De uitbreiding van de Navo impliceert, evenals de vorige toetredingsronde, een versterking van het bondgenootschap in het algemeen en van haar militair vermogen in het bijzonder. Op het punt van de thans minder waarschijnlijke verdediging van bondgenootschappelijke grondgebied staat taakspecialisatie nog in de kinderschoenen. De hele Nederlandse krijgsmacht is beschikbaar voor inzet in artikel 5-scenario's.
Kan de regering het hoger uitvallen van materiële en personele exploitatiekosten per land specificeren?
De afgelopen jaren vallen de kosten voor de materiële en personele exploitatie steeds hoger uit. Hiervoor kunnen de volgende redenen worden aangevoerd. Ten eerste heeft de complexe wettelijke regelgeving op het gebied van veiligheid, milieu en arbo, die Defensie onverkort naleeft, een opwaartse druk op de exploitatielasten tot gevolg. Daarnaast vergen het langer aanhouden van materieel en de inzet van vredesoperaties extra onderhoudsinspanningen. De koersontwikkeling van de Amerikaanse dollar, die zich ook nog eens manifesteert in de brandstofprijzen, legt een zware druk op de defensiebegroting. Ook de toenemende technisch specifieke kennis die nodig is voor het onderhouden van de nieuwe wapen- en informatievoorzienings(IV-)systemen zorgen voor extra financiële druk. Vaak ook is het bij deze systemen niet langer mogelijk defecten eenvoudig te repareren, maar dienen onderdelen als gevolg van de gebruikte elektronica in hun geheel te worden vervangen.
Hoewel deze ontwikkelingen zich ongetwijfeld ook bij onze bondgenoten voordoen, zijn ze niet per land te specificeren. Elk land richt zijn begroting namelijk anders in. Door het gebruik van deze verschillende methoden zijn begrotingsposten moeilijk vergelijkbaar. Ze zijn in hun algemeenheid ook geen onderwerp van discussie in de Navo, omdat de inrichting van de begroting en de beheersing van deze kosten een nationale verantwoordelijkheid is. Het is derhalve niet mogelijk een per land gespecificeerd inzicht in de exploitatiekosten te geven.
Welke financiële ruimte creëert de regering door het vervroegd afstoten van twee fregatten per 2004?
Zie het antwoord op vraag 33.
Kan de regering het verschil in exploitatielasten tussen een fregat en een korvette inzichtelijk maken? Binnen welke termijn kan vervanging van fregatten door korvettes kosteneffectief zijn?

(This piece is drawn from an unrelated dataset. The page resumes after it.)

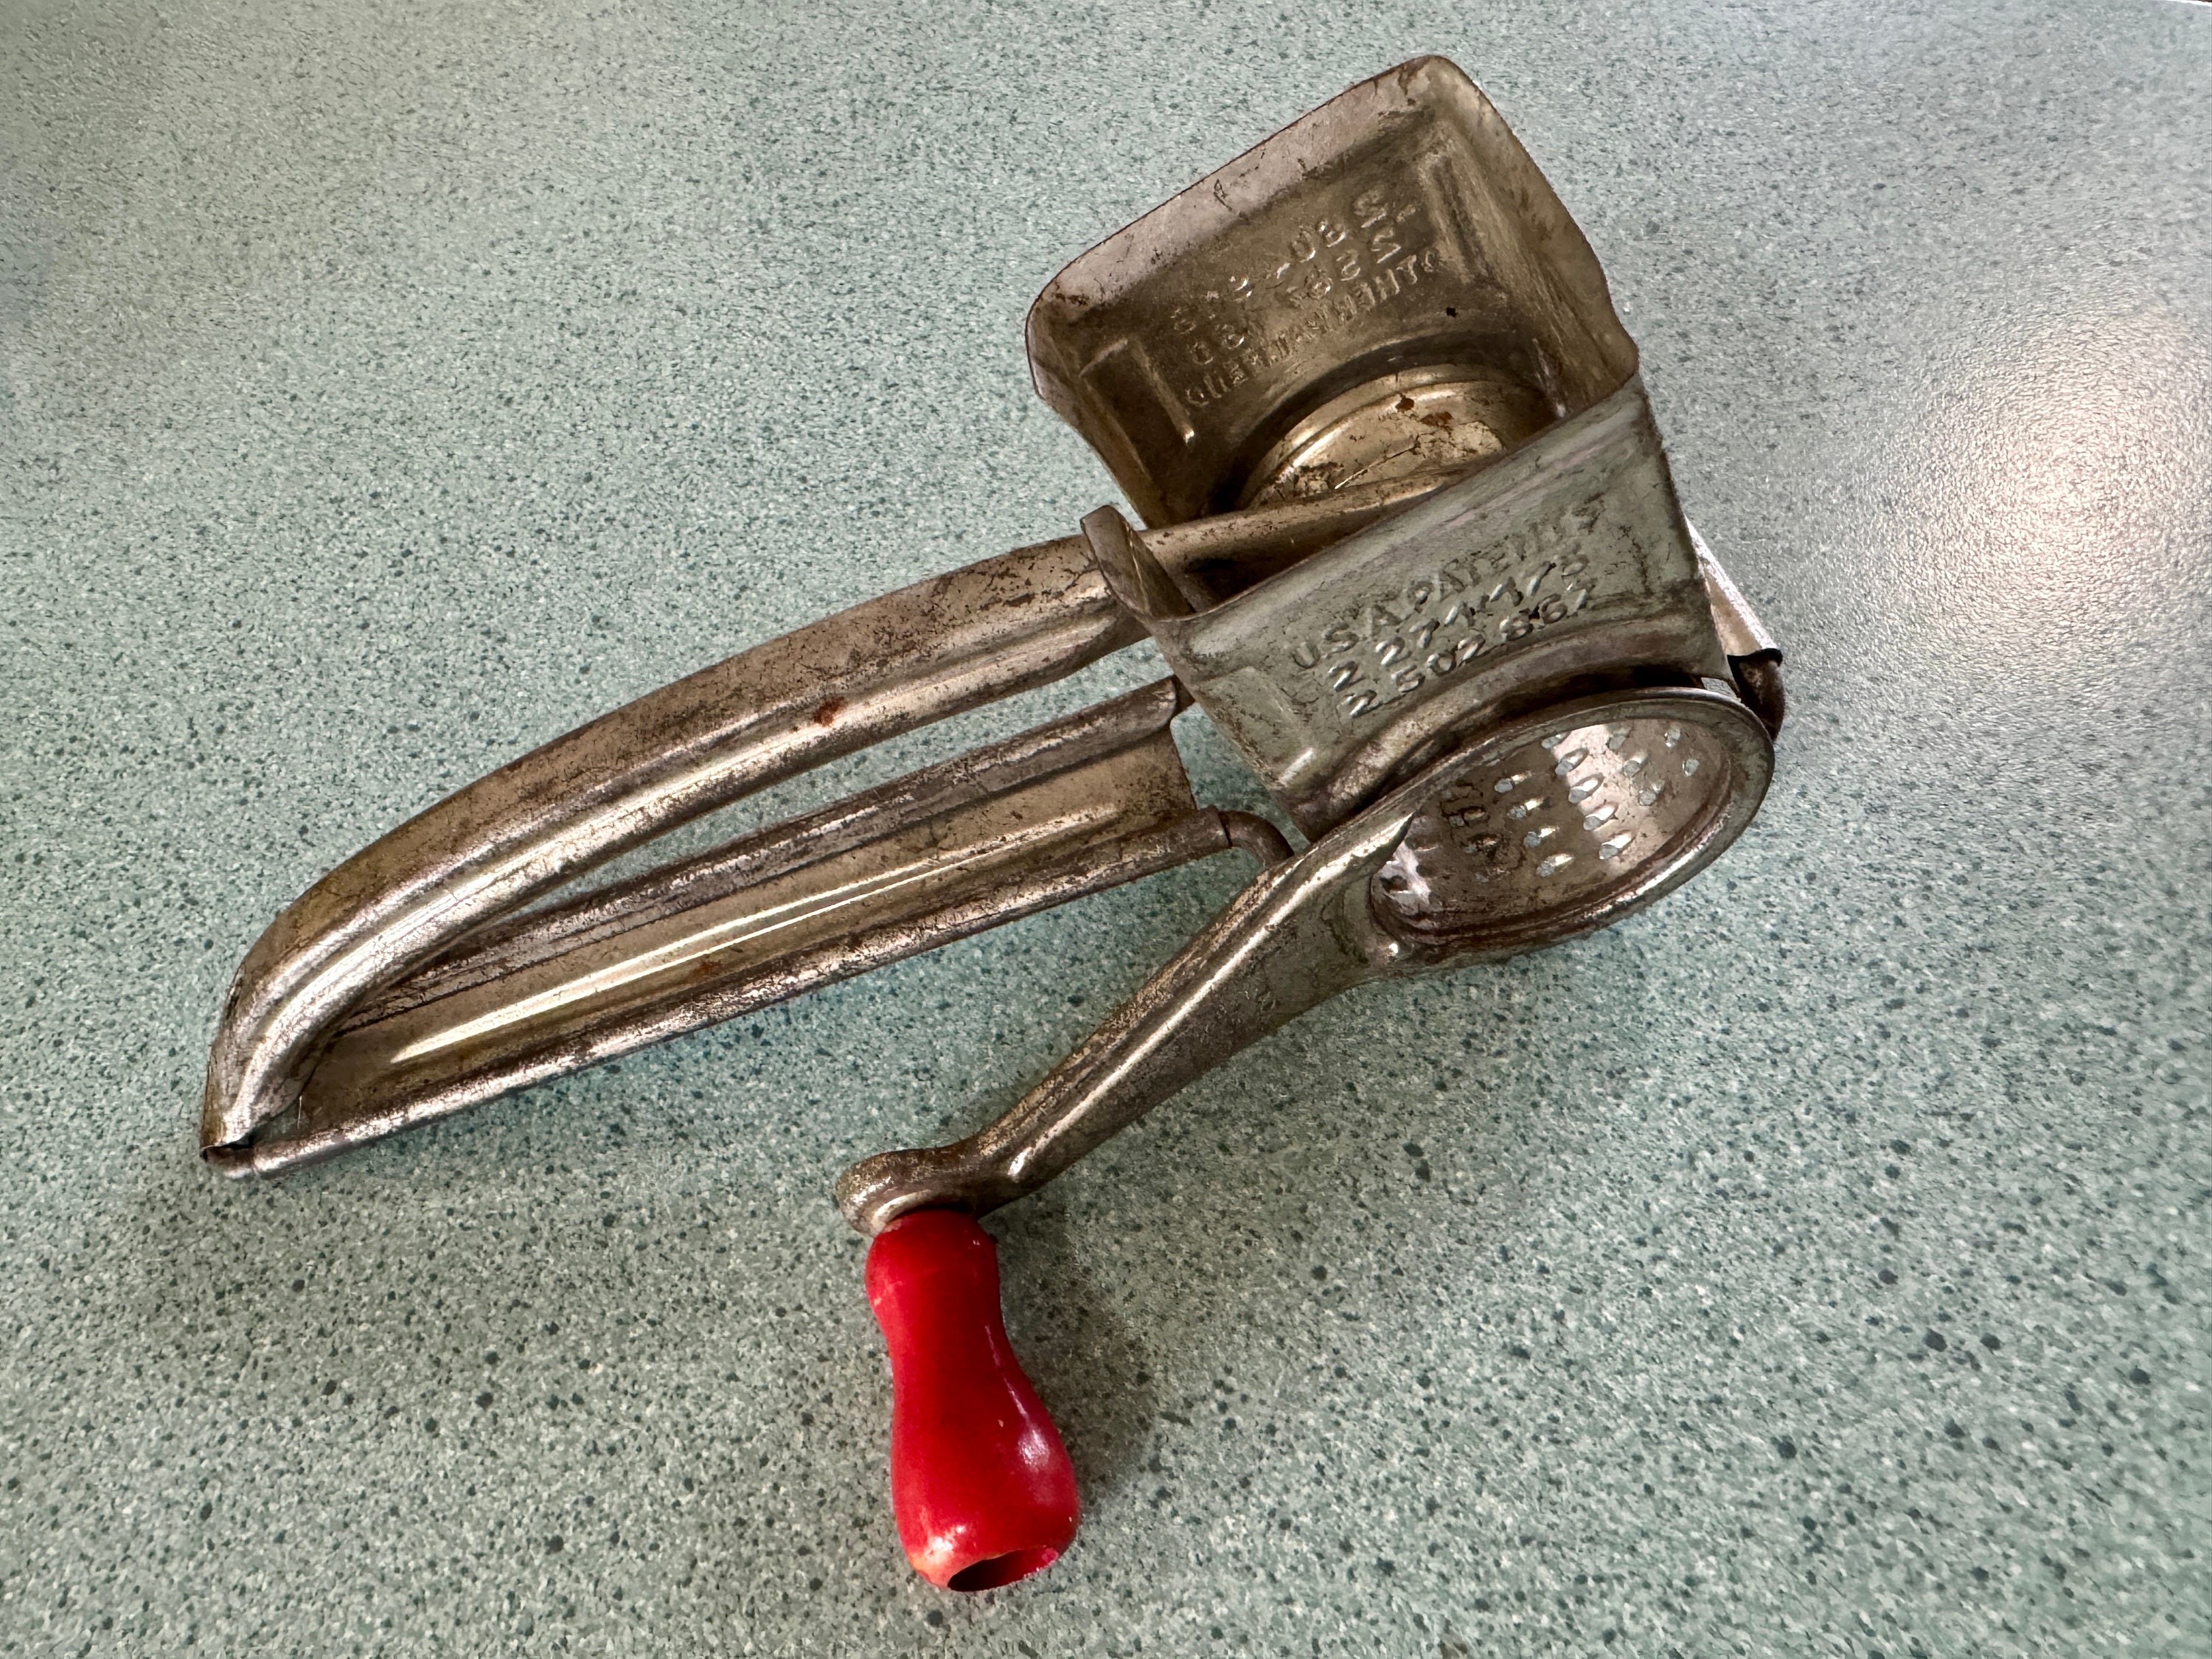 Vintage Mouli Cheese Grater Red Handle

Welke filosofie ligt ten grondslag aan het voornemen om fregatten te vervangen door schepen die meer zijn toegesneden op taken in kustwateren? Heeft dit voornemen ook betrekking op de situatie van de Kustwacht in de Nederlandse Antillen?

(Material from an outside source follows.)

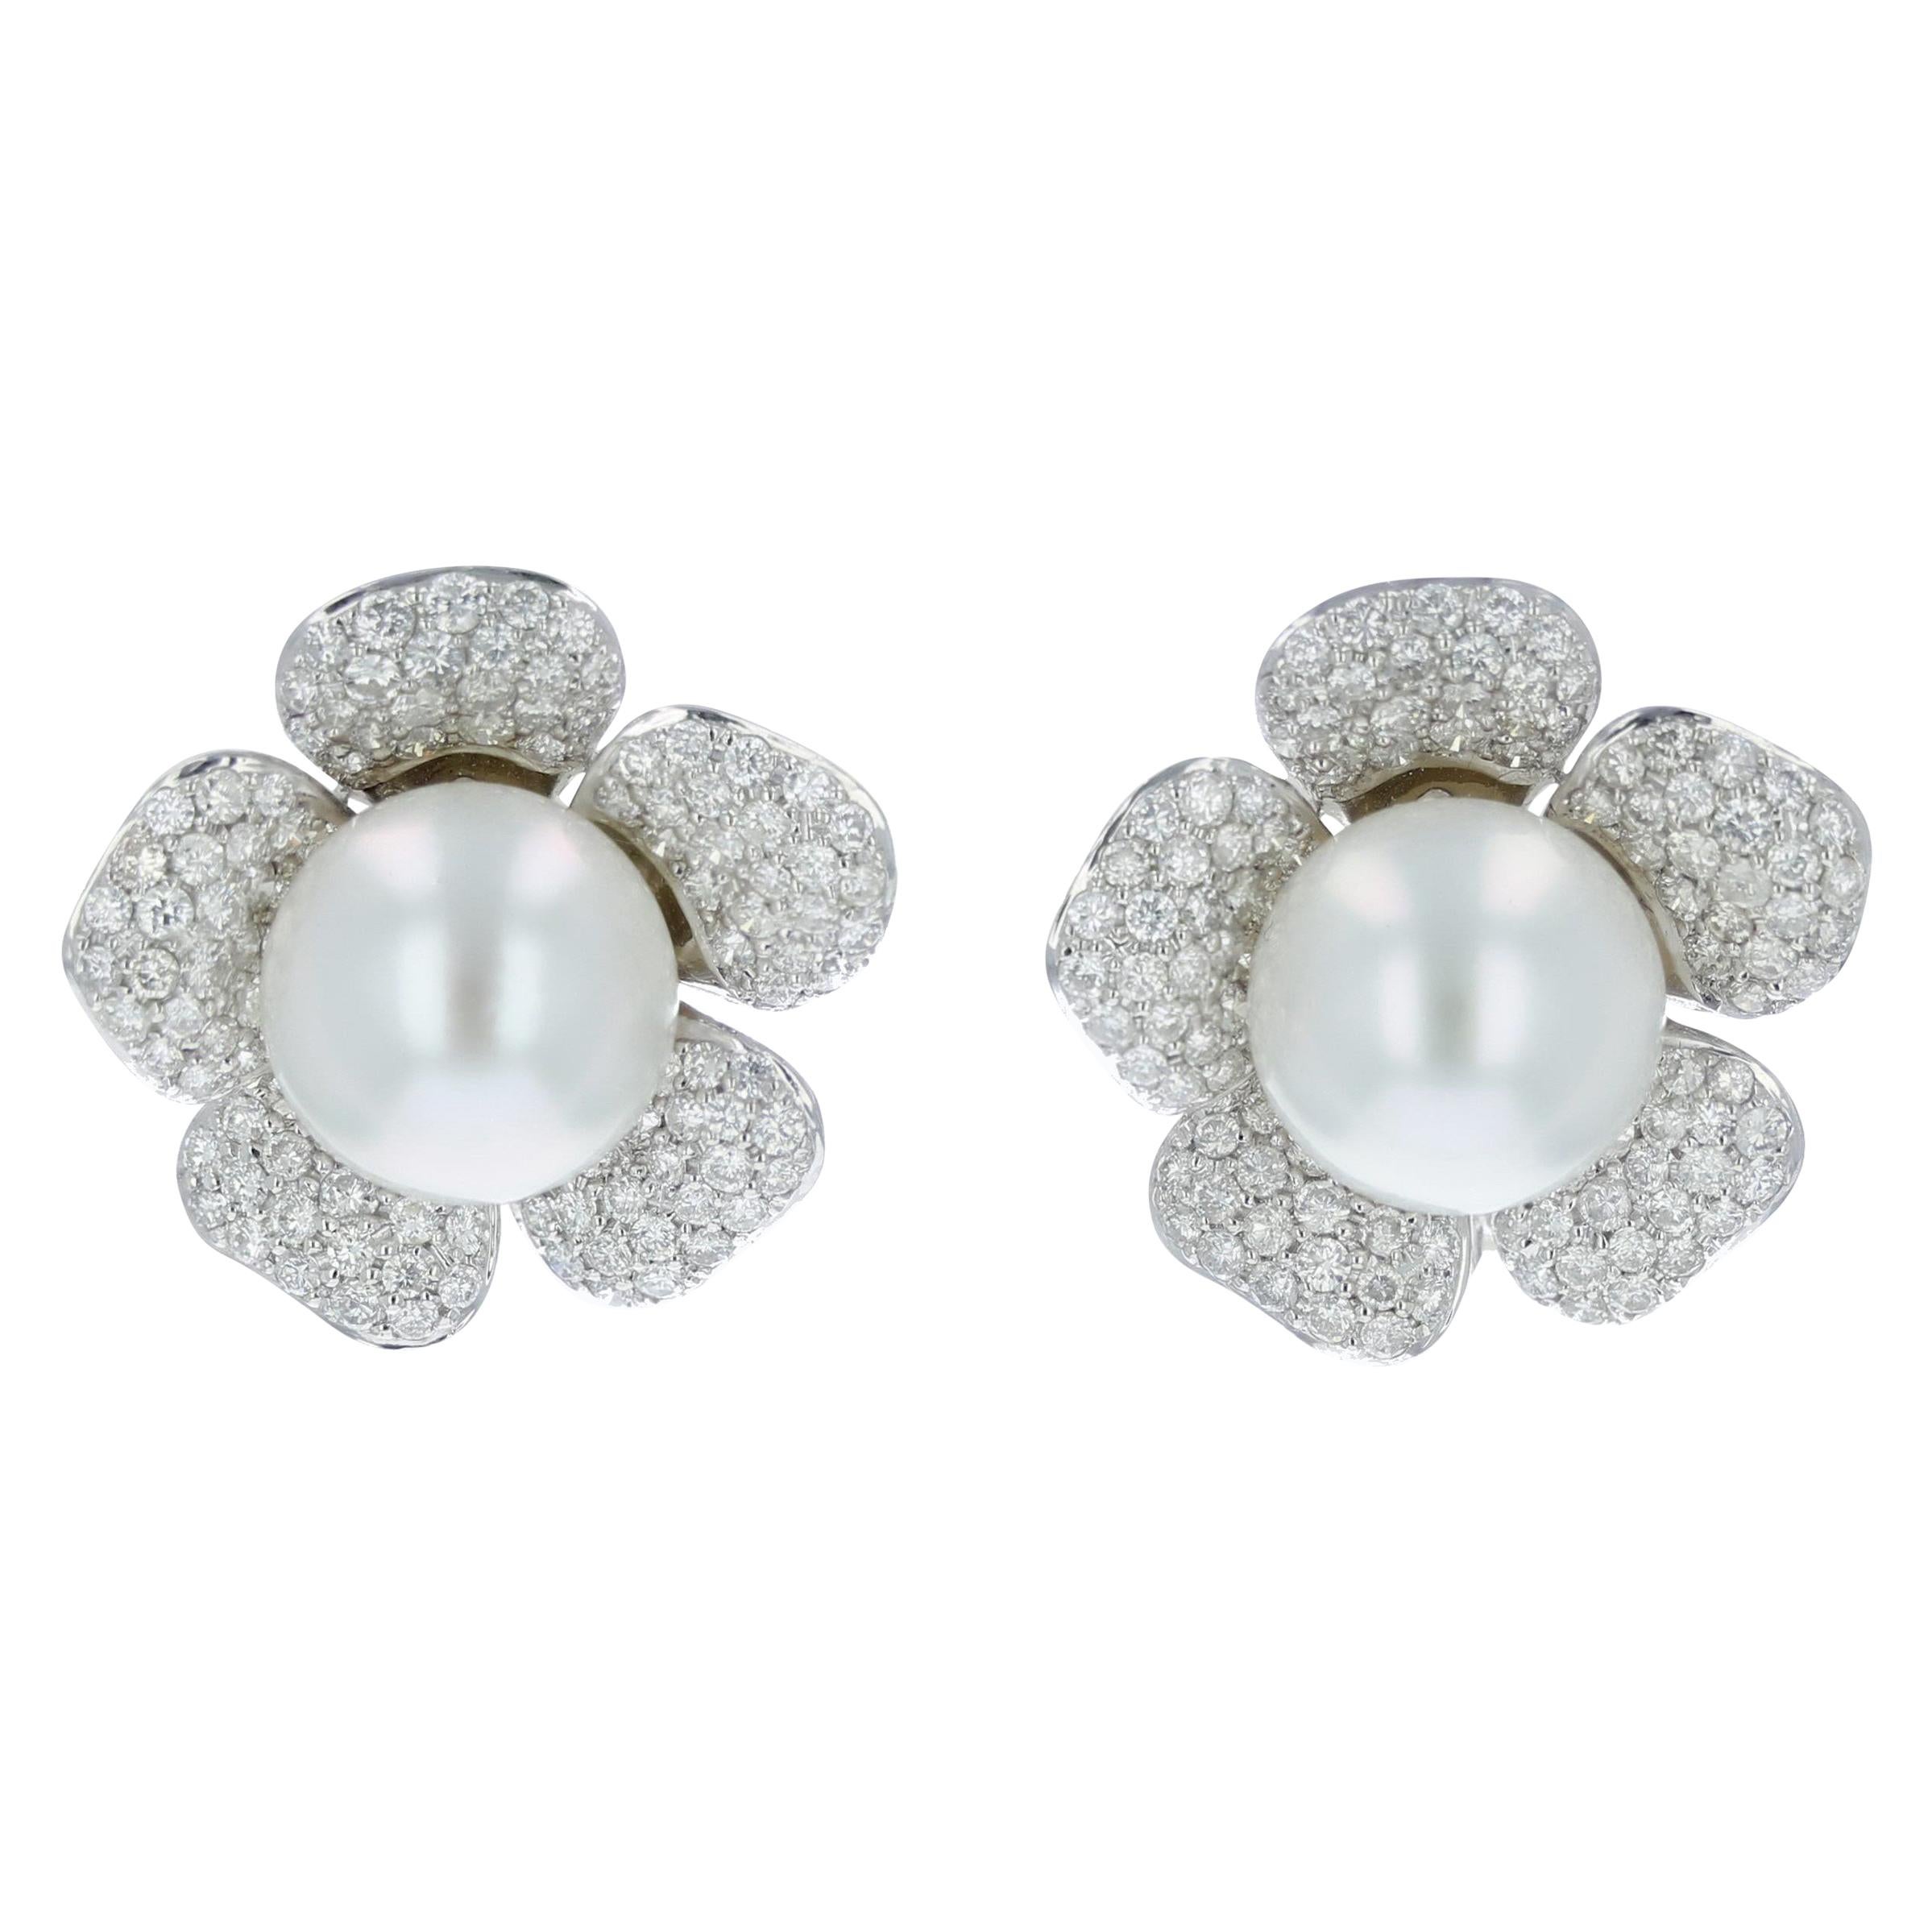 Estate South Sea Pearl and Diamond Pave Flower Earrings

Het vervangen van fregatten door schepen die meer zijn toegesneden op taken in kustwateren is thans onderwerp van studie. De resultaten van deze studie zullen hun weerslag vinden in het joint defensieplan.
Welke bezuiniging wordt per 2006 (en vervolgens structureel doorwerkend) bereikt met het vervroegd afstoten van twee Standaardfregatten? Wat betekent dit vervroegd afstoten voor de operationele mogelijkheden van de Koninklijke Marine? Kan de regering aangeven wat de eventuele operationele implicaties zijn van een structurele overgang van 14 naar 12 fregatten? Wat zijn de voors en de tegens van een dergelijke overgang?
Welke bezuiniging wordt per 2006 (en vervolgens structureel doorwerkend) bereikt met het afstoten van twee mijnenbestrijdingsvaartuigen van de Alkmaarklasse? Welke functie hebben deze twee vaartuigen thans nog?
Zie ook het antwoord bij vraag 33. De twee af te stoten eenheden, net als de overige schepen van de Alkmaarklasse, voeren mijnenbestrijdingstaken, kustwachttaken, hydrografische werkzaamheden en secundaire taken uit.
Welke filosofie ligt ten grondslag aan het voornemen om fregatten te vervangen door schepen die meer zijn toegesneden op taken in kustwateren? Heeft dit voornemen ook betrekking op de situatie van de Kustwacht in de Nederlandse Antillen?
Zie het antwoord op vraag 50.
Welke bezuiniging wordt per 2006 (en vervolgens structureel doorwerkend) bereikt door het schrappen van het mobilisabele vierde mariniersbataljon?
Zie het antwoord op vraag 33.
Is het waar dat bijna 80% van het noodzakelijke personeel voor het derde mariniersbataljon al is geworven en al in opleiding is? Zo ja, wat gebeurt er met dit personeel? Wat zijn de vullingtekorten (aantal fte's) bij de andere twee parate mariniersbataljons?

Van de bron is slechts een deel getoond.